The most recent studies have shown that phenoptotic aging program is controlled by receptor systems that monitor the key parameters of the external and internal environment of the organism. Under unfavorable conditions, when it comes to the survival of the population, the organism can slow down this counterproductive program, reducing evolvability but increasing the chances of individual survival. We can assume that in the case of humans, deceleration of the aging program will be observed in individuals acting for the benefit of communities.

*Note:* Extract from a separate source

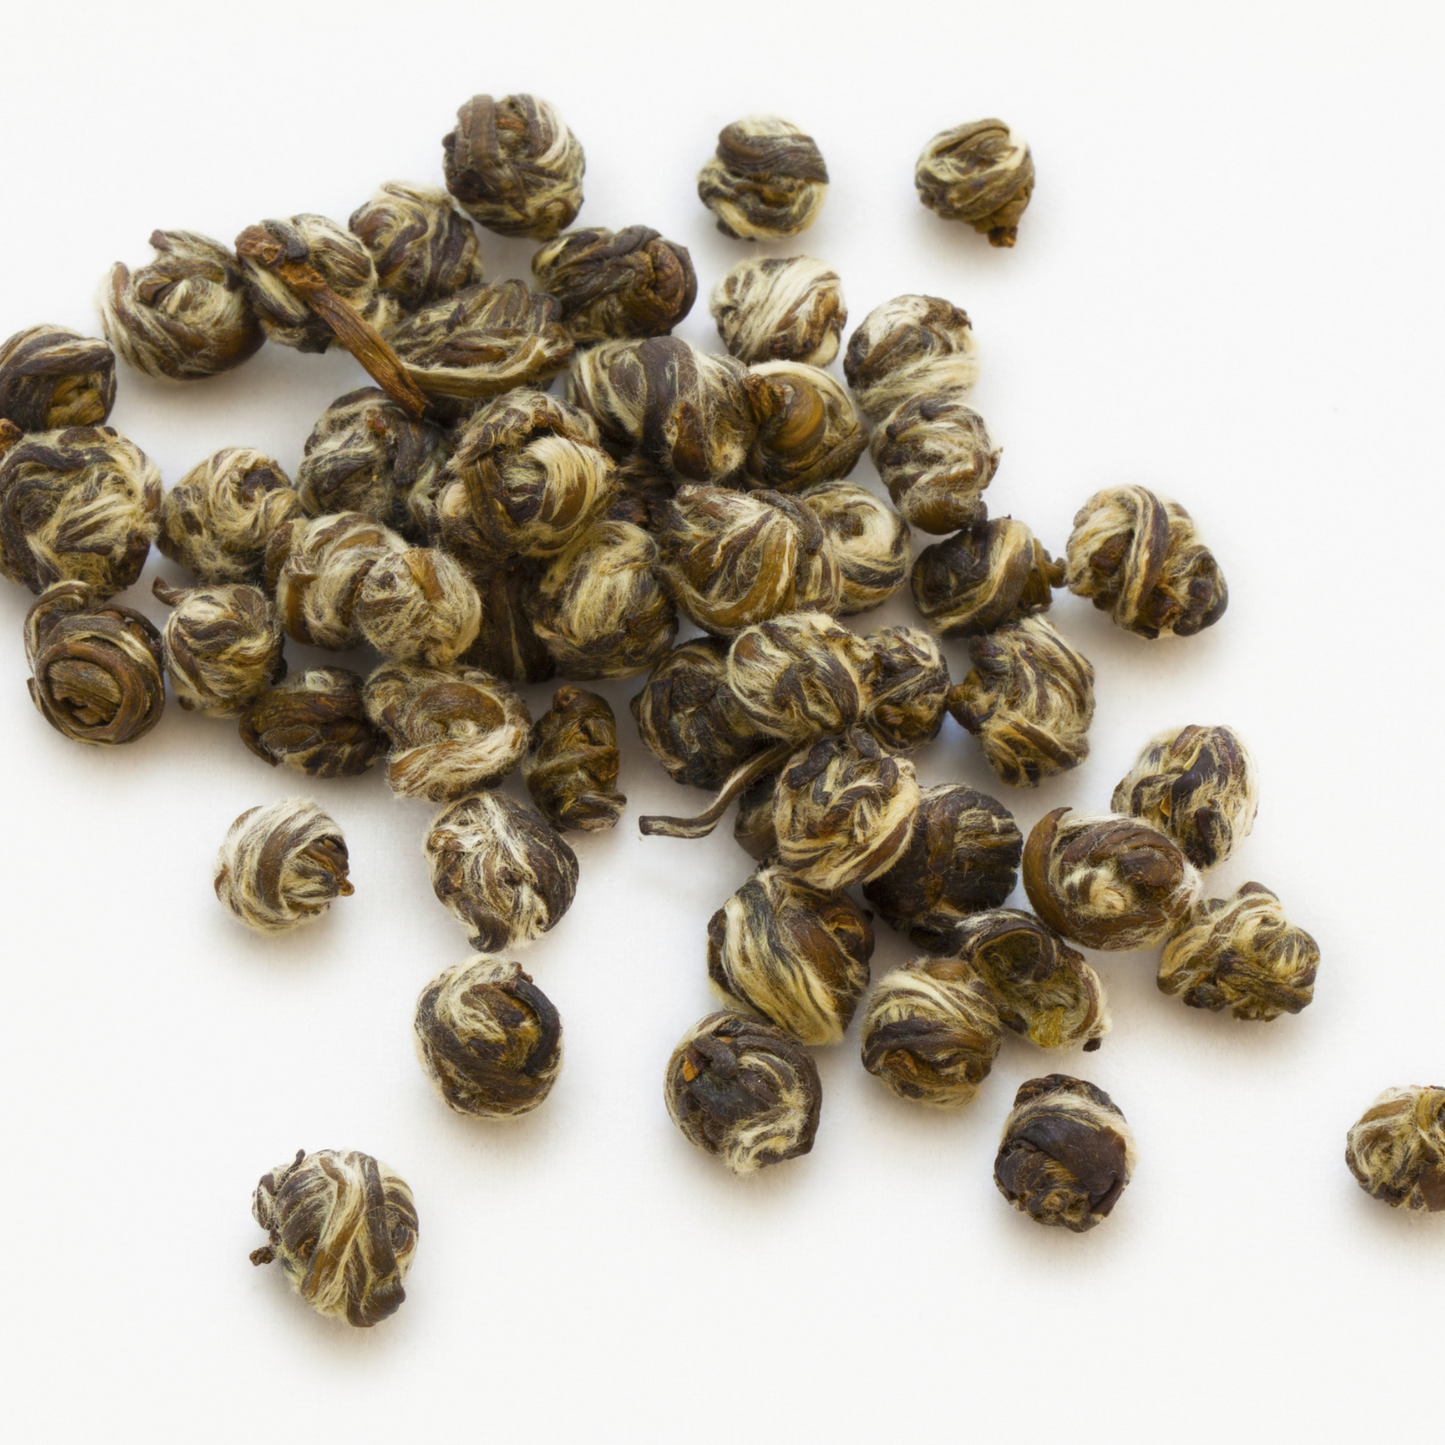 Jasmine Pearls, Dragon Pearls, Loose Leaf Jasmine scented Pan Fried Sencha Green Tea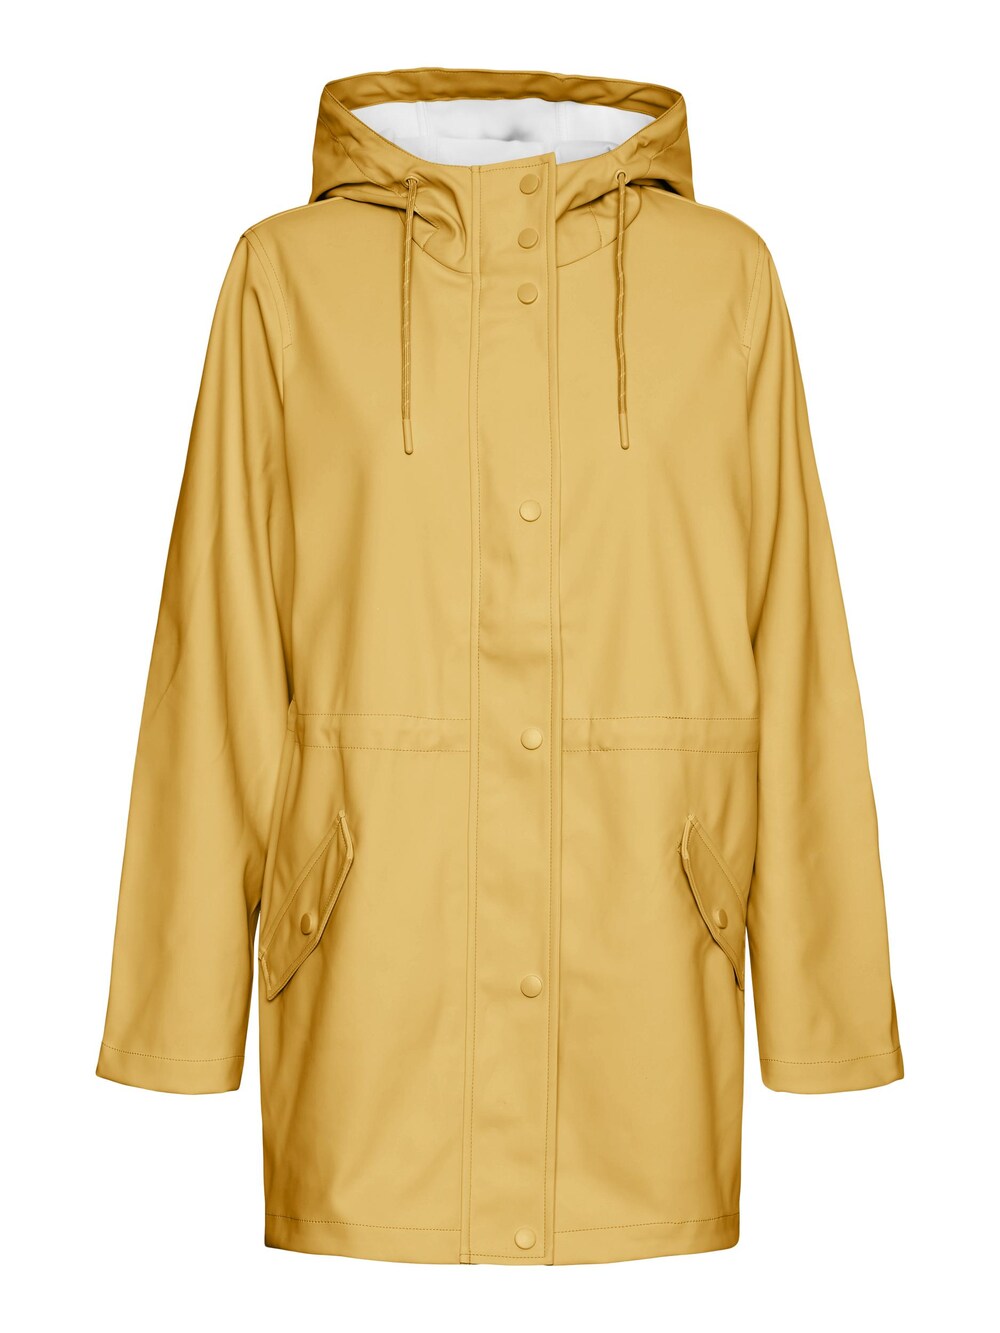 Межсезонная куртка Vero Moda Malou, желтый

According to Penninx et al. [64], among the many psychological factors, there are two most clearly correlated with longevity: awareness of one’s usefulness to others and maintaining high level of excellence in old age. As for the individuals harmful for the community, they can be eliminated by acute phenoptosis. In the 1920s, cases were recorded when following the shaman’s order, a community of Australian aborigines started singing funeral chants for a still living person, inducing disorders of salt metabolism that killed the victim in just a few days [65]. On the other hand, the geroprotective effect of classical music could be explained by its opposite (i.e. inhibiting) effect on phenoptotic programs. In this context, an important task of gerontology is to elucidate the entire list of factors that stimulate or inhibit the aging program. Understanding of these factors might help one to master his destiny.

In any case, the very fact of adjustability of age-related pathologies by the organism’s control systems is a very strong argument in favor of the concept of aging as a program. It greatly increases the probability of success in deceleration of aging by pharmaceutical compounds inhibiting such a program, for example, mitochondria-addressed antioxidants.

The study is financially supported by the Russian Science Foundation (grant 14-24-00107).